Drew Angerer/Getty Images

The similarities don’t end there—they both worked with Mike Tyson (in the wrestling ring and the boxing ring, respectively) and tried to compete with the NFL—and it’s clear that Donald Trump and Vince McMahon have worldviews and business approaches shaped by similar experiences. They understand how pro wrestling and its carny traditions can make money off of “marks,” the unsuspecting fans who don’t know (or don’t care) that it’s a con. And more than money, they’ve paradoxically used a staple of low culture—pro wrestling—to find mainstream credibility.

Since going public in 1999, the WWE has become increasingly family (and shareholder-) friendly. After decades in which wrestlers died early deaths due to steroids and drugs, the WWE instituted a stringent wellness policy. They’ve become the picture of a charitable corporate actor, sponsoring an anti-bullying initiative and working with Susan G. Komen, Make-A-Wish, and the Ad Council on a variety of campaigns. WWE programs constantly trumpet how well they’re doing in the ratings and on social media metrics compared to “real” sports, while describing their product as “sports entertainment,” not low-budget, low-culture “pro wrestling.”

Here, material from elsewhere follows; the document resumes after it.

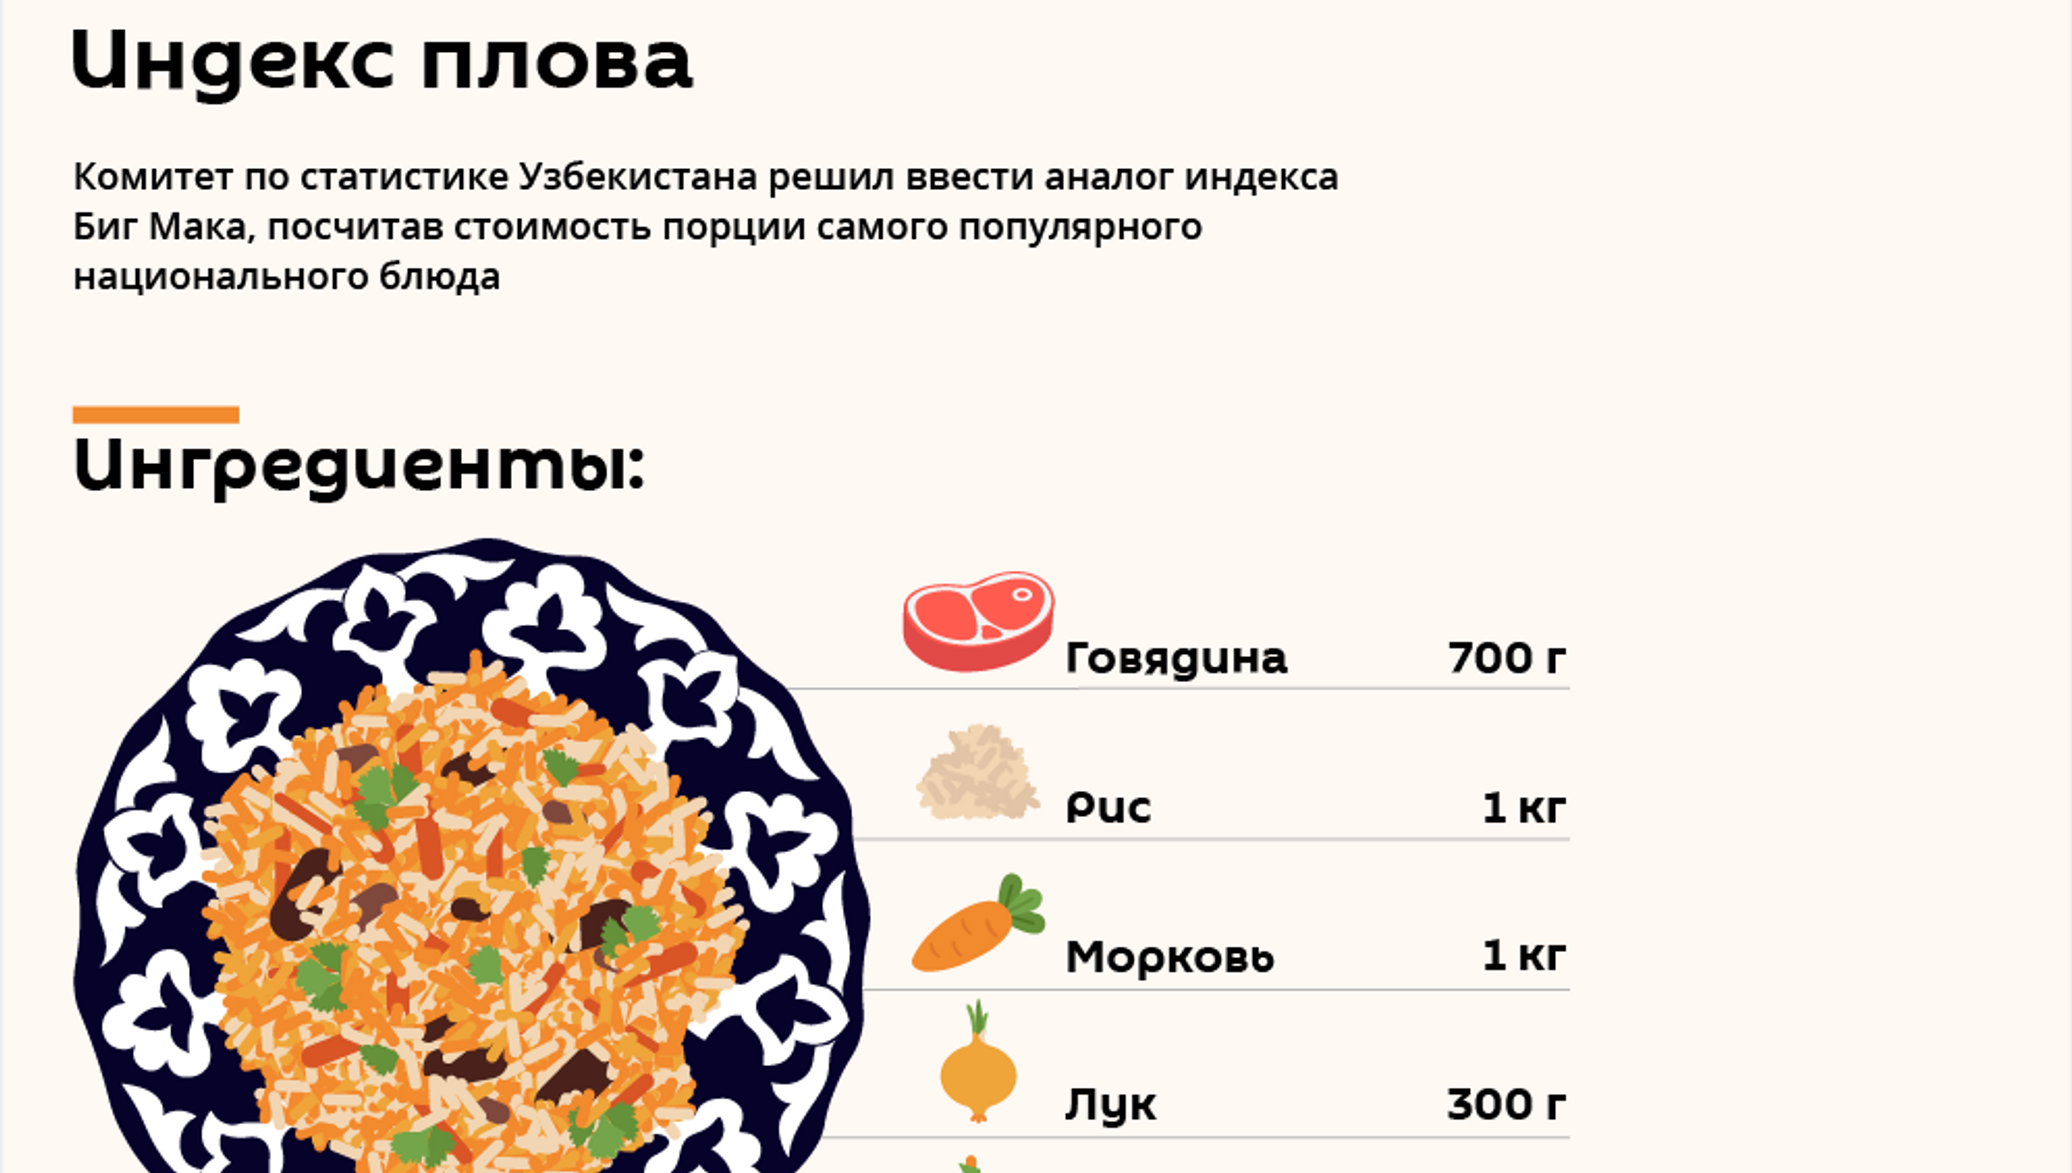 Плов на 1 кг мяса. Себестоимость 1 кг плова. Индекс плова в Узбекистане. Плов порция в граммах. Порция плова на 1 человека.
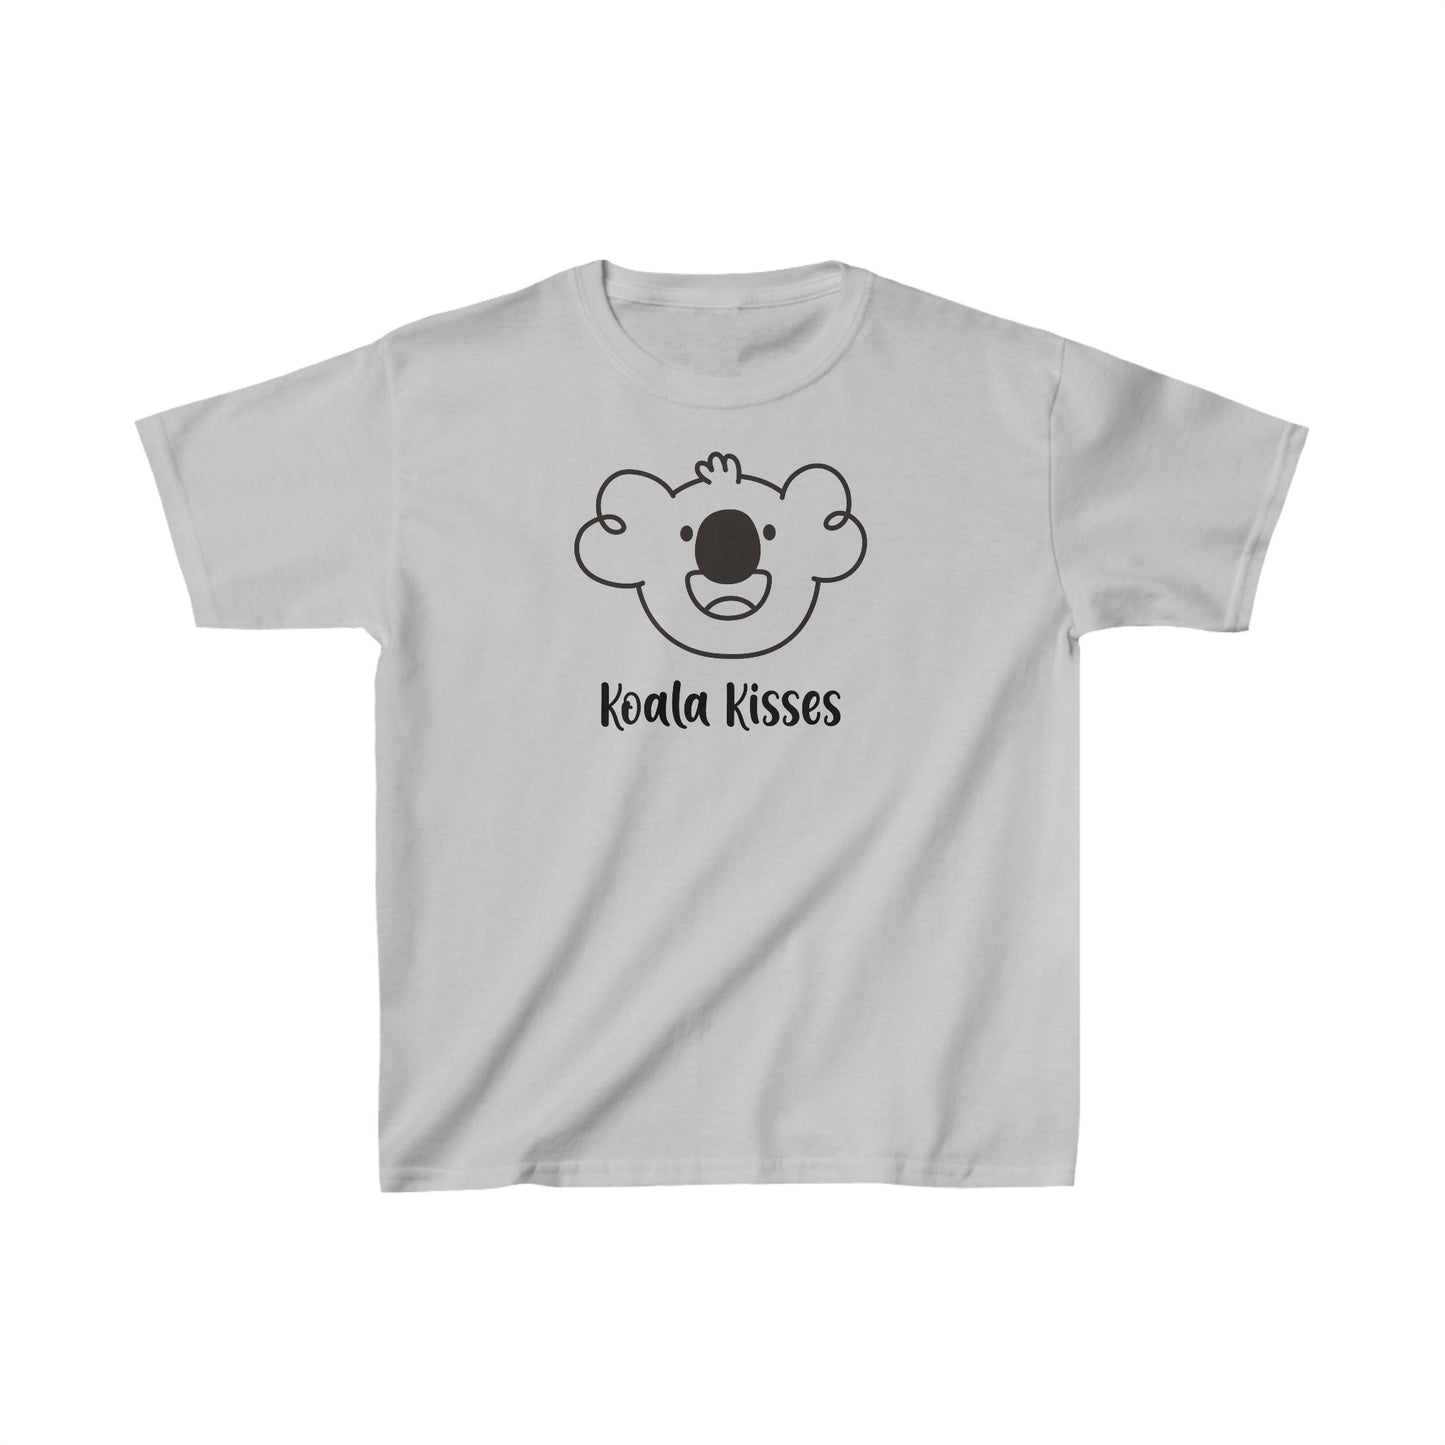 Tyler's Koala Kisses Kid's T-shirt - Bright Color

Similarly, there’s the theory that the seed of Donald Trump’s decision to finally (actually) run for president in 2016 was planted at the 2011 White House Correspondents’ Dinner, where Trump was roasted by President Obama. “That evening of public abasement, rather than sending Mr. Trump away, accelerated his ferocious efforts to gain stature within the political world,” wrote Maggie Haberman and Alexander Burns in the New York Times, noting his “deep yearning … to be taken seriously.” With just over a month until his inauguration, people laughing at Donald Trump are coming to grips with the fact that he’s going to have the most powerful job in the world. Just as McMahon sought legitimacy by re-casting his fake sport as a global entertainment brand, Trump entered presidential politics to prove that he had to be taken seriously as a public figure.

Coincidentally, Trump’s ascendance will finally give the McMahons the political legitimacy they have not been able to obtain on their own: Linda McMahon unsuccessfully ran for U.S. Senate in Connecticut in 2010 and 2012, spending nearly $100 million of her own money. In both elections, she stressed her credentials as a job creator and political outsider willing to spend her own money and reject political action committee donations, an approach with which Trump would find much more success.

It’s worth noting that McMahon ran away from pro wrestling in her campaign: she hand-waved the hyperviolent, oversexed product WWE had pushed in the late 1990s and early 2000s as “scripted television entertainment” and called on WWE fans to “correct biased and inaccurate media reports.”Meanwhile, Trump spent the entire campaign in full-on heel mode.

Now it turns out that Linda McMahon didn’t need to spend $100 million to gain some power: She and Vince may have just needed to give $5 million to the Trump Foundation (and another $6 million to a super PAC supporting Trump’s run): $4 million in 2007, the year of the Battle of the Billionaires, and $1 million in 2009, when Trump—in storyline—bought and sold WWE’s Monday Night Raw. In the end, Trump and the McMahons did what wrestling promoters have done for a century: counted the money in the back while the marks in the audience watched the spectacle in the ring.